While I was reading the VMware whitepaper I noticed that they changed a significant setting during some of their tests. The number of Outstanding IO Operations was changed from 32 to 16 in some of the tests. This would have the effect of reducing the load on the back end storage and resulted in less overall performance for pvSCSI during the comparison tests with LSI SAS. Normally when running experiments you want to change as few variables as possible between tests. I decided to find out why this was done so I contact Chethan Kumar directly, who was the author of the paper. Here is what he said:
“Maximum queue depth supported by LSI driver (in guest) cannot be changed. So to keep the aggregate outstanding I/Os per controller lower than the max queue depth we had to use 16 OIOs per vDisk. To have a fair comparison between LSI and pvSCSI, second test also had 16 OIOs per vDisk for pvSCSI as well. Test case 1 just focused on achieving max IOPs (which happened to be with pvSCSI). Default max queue depth supported by pvSCSI driver can be increased. We raised it to a large enough value such that we could support 32 OIOs per vDisk.”
So there you have it. The comparison between the Intel and Microsoft Windows 2008 R2 and Hyper-V storage performance, which achieved 1 Million IOPS on iSCSI at 512 bytes, and 1 Million IOPS on a single vSphere 5 host achieved at 8KB IO size and 2ms latency with a single VMAX array. It would be good to see some more scalability tests from Microsoft on Windows 2008 R2, so hopefully this article prompts them to publish some, or for someone to send a full IO scalability test my way to review. It would also be great to see a comparative iSCSI test using vSphere 5 and the same Intel NIC’s.
Neither of the tests are real world by any stretch, and there is a big difference in terms of 6 x 8Gb/s HBA’s vs 1 x 10GbE NIC. The point of this article is really about what the claim of 1 Million IOPS amounts to, and that not all are created equal. The iSCSI performance is still definitely very respectable.
I’m very pleased with the Intel NIC’s and I’ll continue to buy them, they have been rock solid and the performance has been exceptional. I’ll also be sticking with vSphere in terms of performance, not that any real world application I’ve found in an enterprise environment currently needs 300K IOPS per VM or 1 Million IOPS per host. No doubt in the future this will change.

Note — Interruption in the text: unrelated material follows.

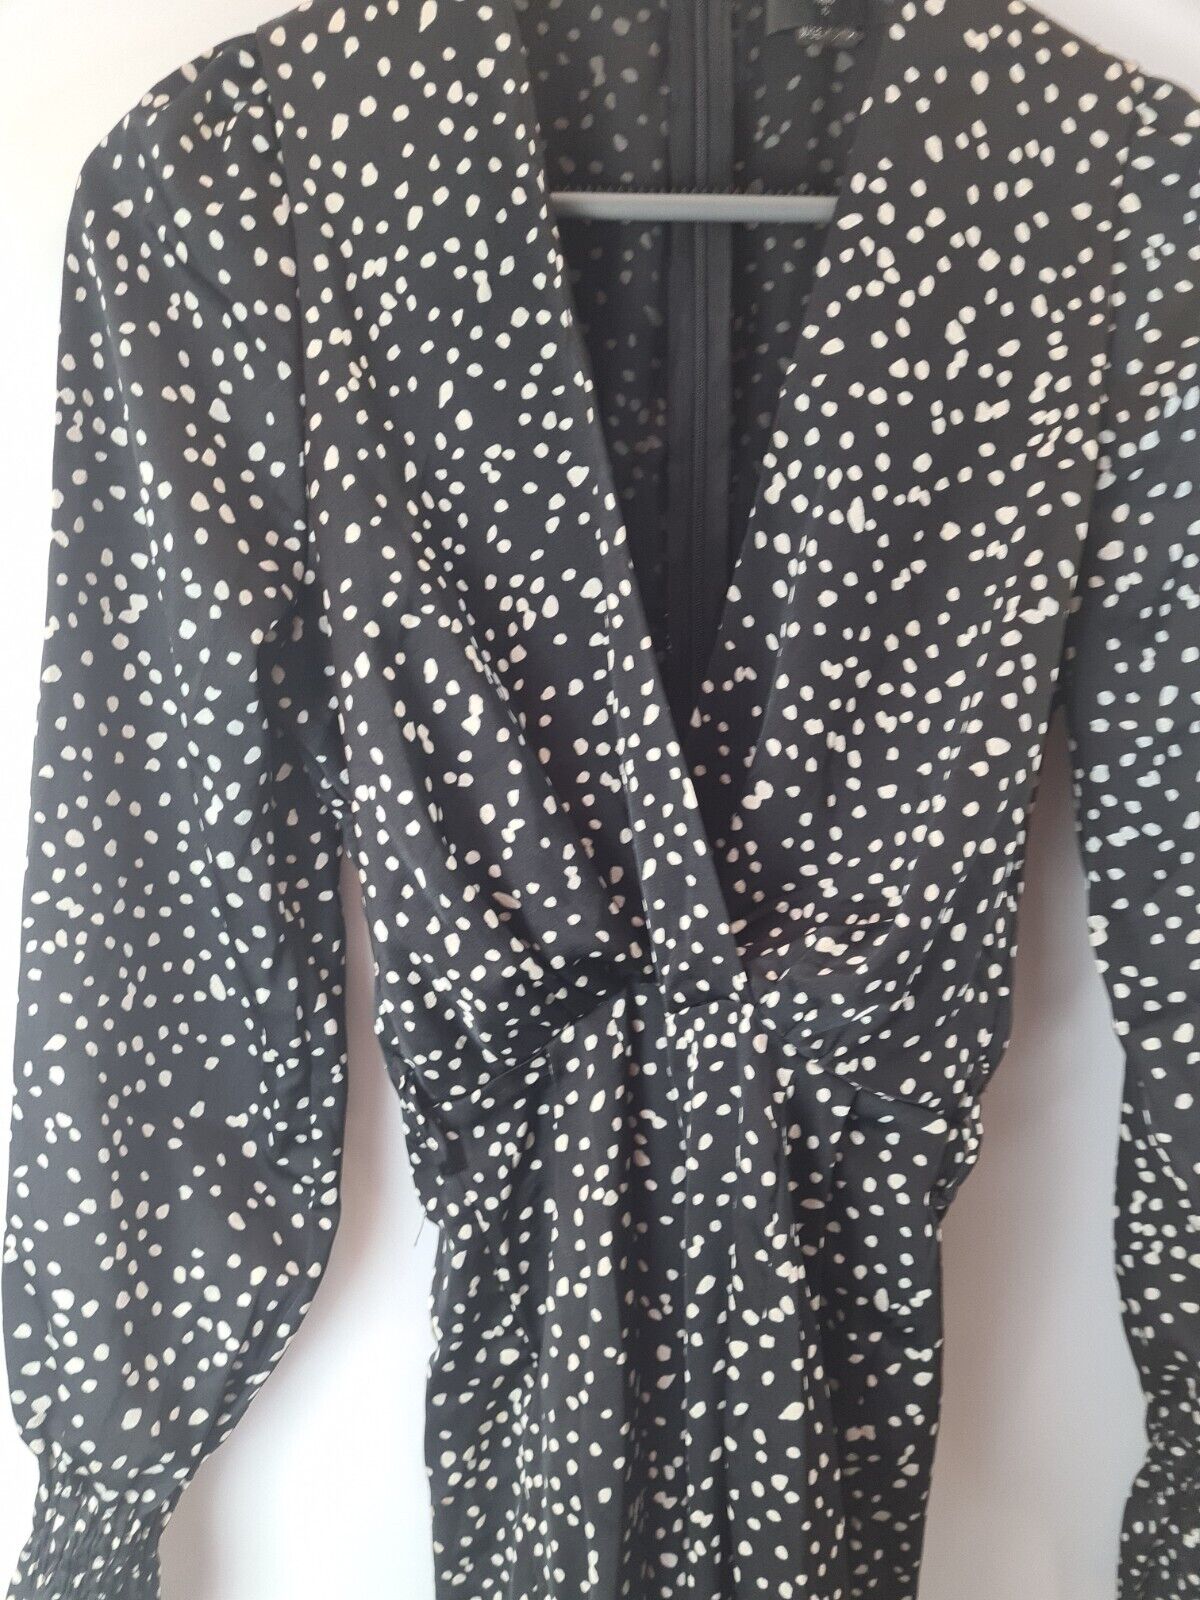 AX Paris Black Polka Dot Belted Jumpsuit Size 6 **** V30

My last final thought is this. I wonder what the performance would be of a Hyper-V system that is virtualized on top of vSphere 5 running the 10 Guest VM’s all generating IO as in the Intel Test. I wonder if that would benefit from the vSphere storage layer and actually boost performance. I’m not sure we’ll see such a virtual Hyper-V nested test on top of vSphere published by VMware. But it would be interesting none the less.
To allow you to do your own comparison I’ll give you my sources so you can, if you wish, do the comparison for yourselves.
Intel Whitepaper titled Stable Reliable Performance for iSCSI Connectivity.
VMware Whitepaper titled Achieving a Million IO Operations per Second from a Single VMware vSphere 5.0 Host.
Stephen Foskett posted one of the best articles on the Microsoft test results and if nothing else the images in his post made reading it very worthwhile. I would highly recommend you read his post titled Microsoft and Intel Push One Million iSCSI IOPS.
Chethan Kumar posted an article on VMware VROOM! Blog regarding the performance testing that he conducted to achieve 1 million IOPS from a single vSphere 5 host. The article is titled Single vSphere Host, a Million IO Operations per Second. This was also followed up with an article and video titled A Conversation About 1 Million IOPS by Todd Muirhead.